In theory, we can plant potatoes mid-February but the last two years, I’ve been out in mid-March trying to cover potatoes from a late freeze. Last year, I think we had a freeze in late April or early May and I lost peppers and half the potatoes froze back. I only had enough cover materials for half of the potatoes and all those that didn’t get covered froze back, though they did come back and produce. But, this year, I’m not planting potatoes til March 1 . . maybe.
The problem I run into in this area is that the potatoes stop producing when the soil reaches 80º and that can happen pretty quickly. The best temps for producing potatoes are when the day temps are in the 60 – 65º range and we don’t have a lot of those days. We seem to go from winter to HOT but I’ve managed to have a decent potato crop every year so I’m not complaining.
It’s kinda the same thing with tomatoes. I mostly grow the indeterminate variety of tomatoes and they will produce til the night temps rise above 70º. They can take 45 – 70 days to produce. Once day temps rise above 90º, they say the pollen dries out before pollination is accomplished and the fruit no longer is produced. Even though it seems like we have a long growing season because of our long summers, it isn’t as easy as we sometimes think it should be.
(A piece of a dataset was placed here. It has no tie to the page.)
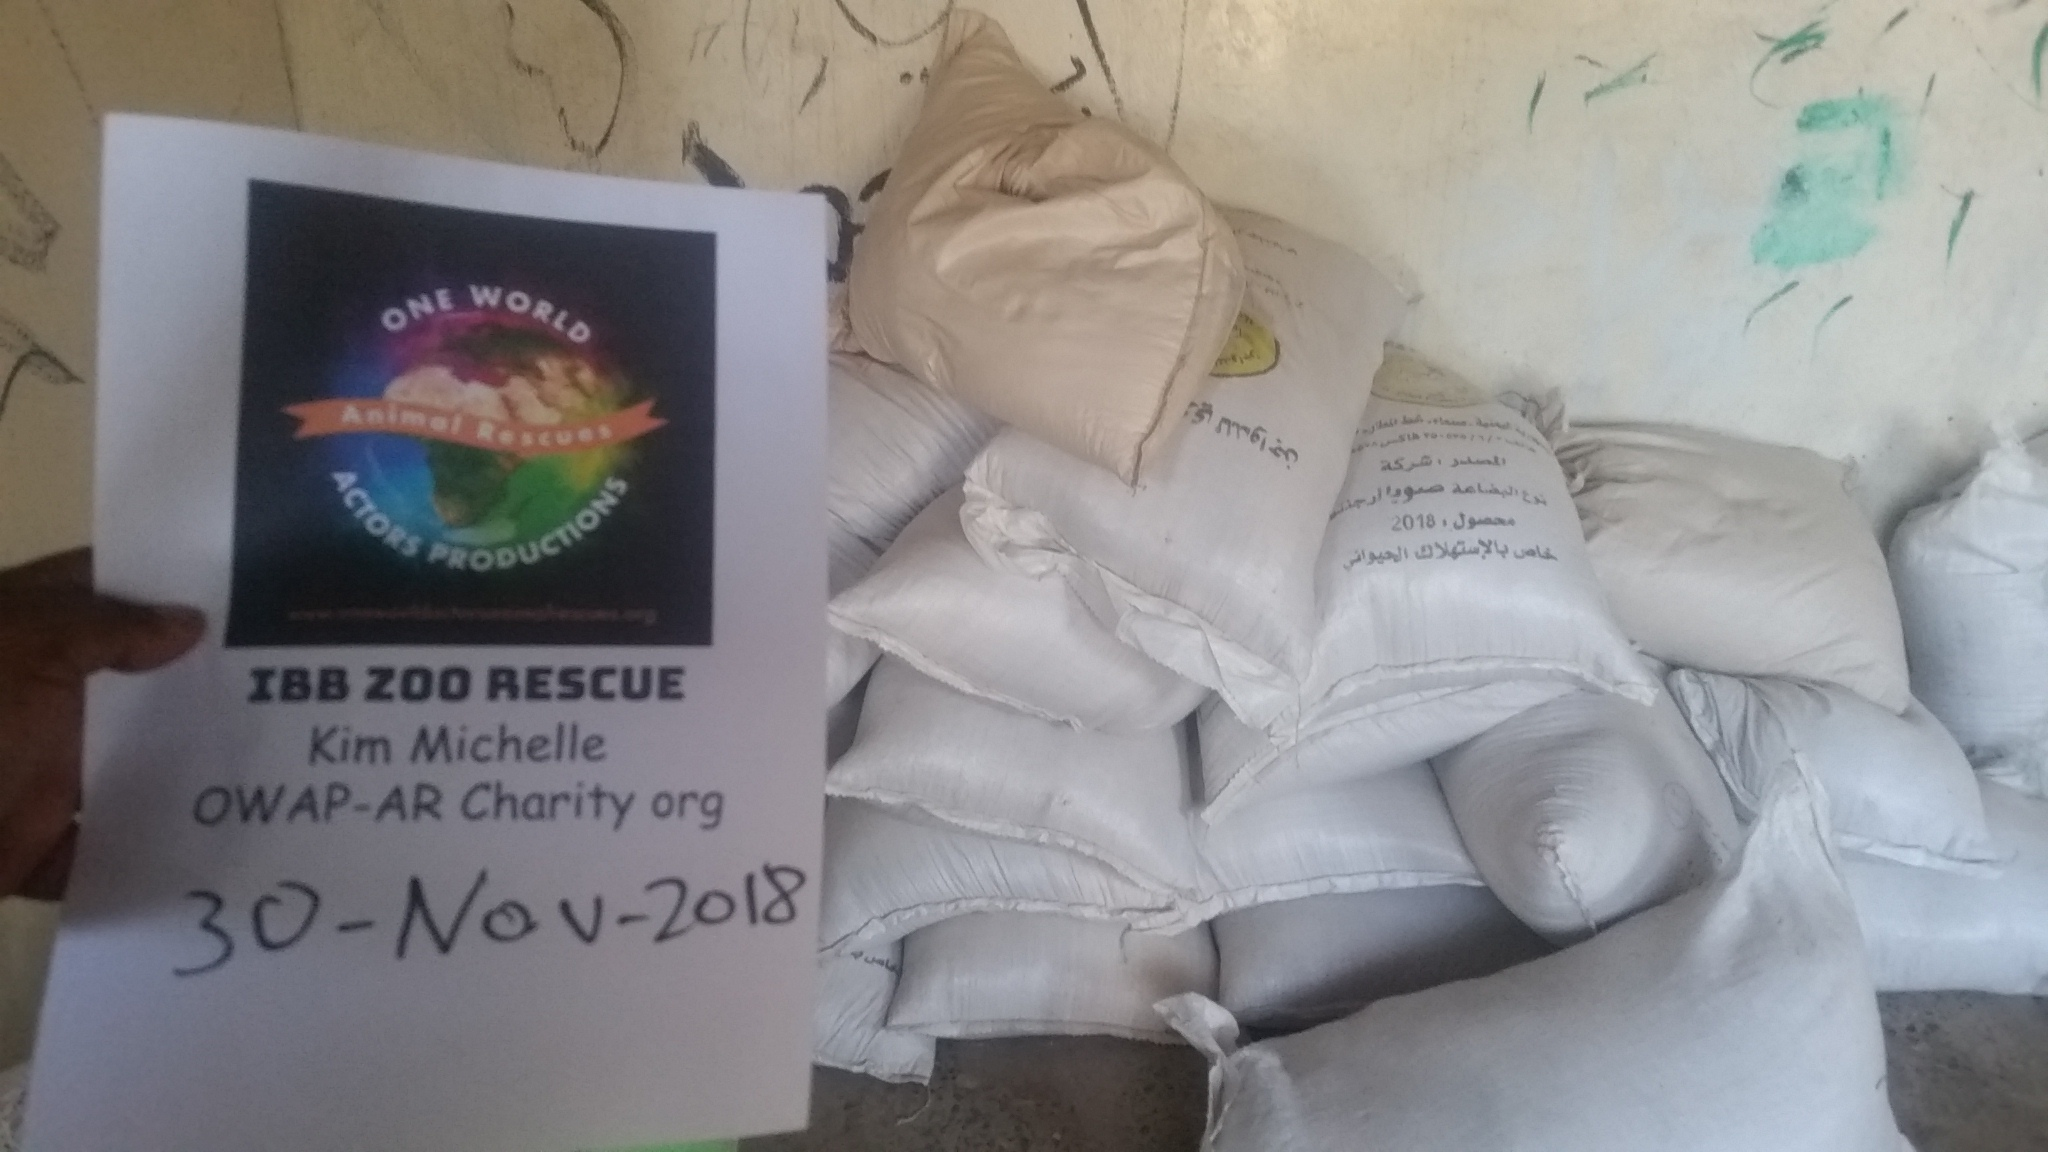 qrab unload of special horse feed by OWAP-AR 30 Nov 2018.jpg

Tomato plants, if kept alive, will begin producing again once the worst of summer passes, and they will produce until frost. I usually keep a couple of plants going, just so we can eat fresh tomatoes, but the most of my tomato production, especially for canning, comes and goes pretty quickly.
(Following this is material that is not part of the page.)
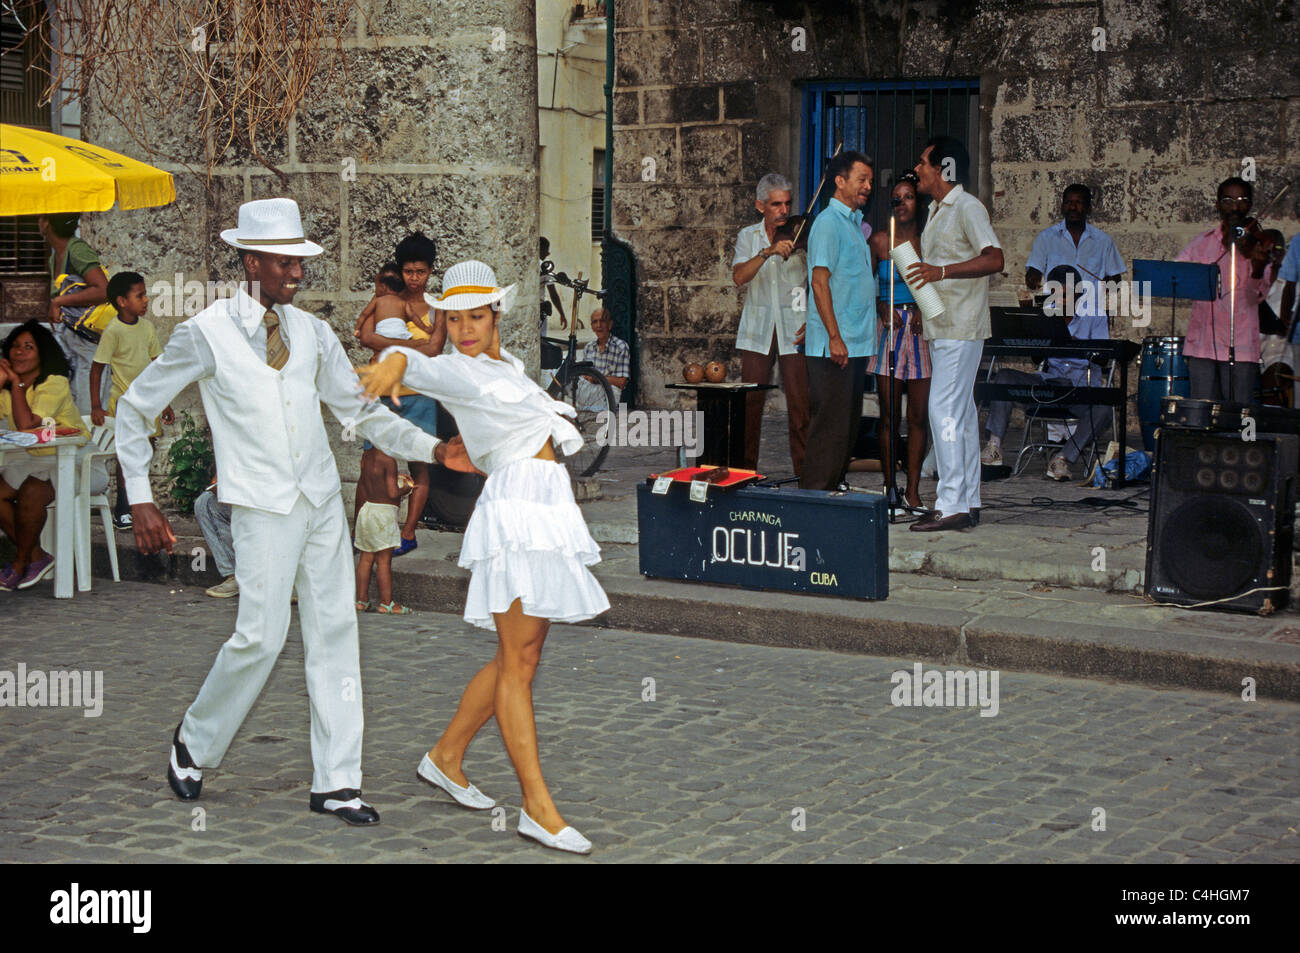 Tanzen kubanische Paar an der Plaza de la Catedral, Havanna, Kuba, Karibik Stockbild

Vince has tilled up the garden and he’ll till it up again before time to plant. He left these few plants that are still producing . .it’s kale, chard and celery . . we give that to the chickens but before the final pass with the tiller, we’ll pull all this out and start from scratch.
I can hardly wait to get started! I love this time of year — the anticipation and a new crop of tomatoes, potatoes, peas, corn, onions, asparagus, strawberries, peppers, eggplants . . yep, I can hardly wait.
I have read that one can buy old sheets or sheer curtains from thrift shops to use as row covers. Perhaps something like that would help. I have wondered about mattress covers – the waffly type. The key is liquid has to go through them.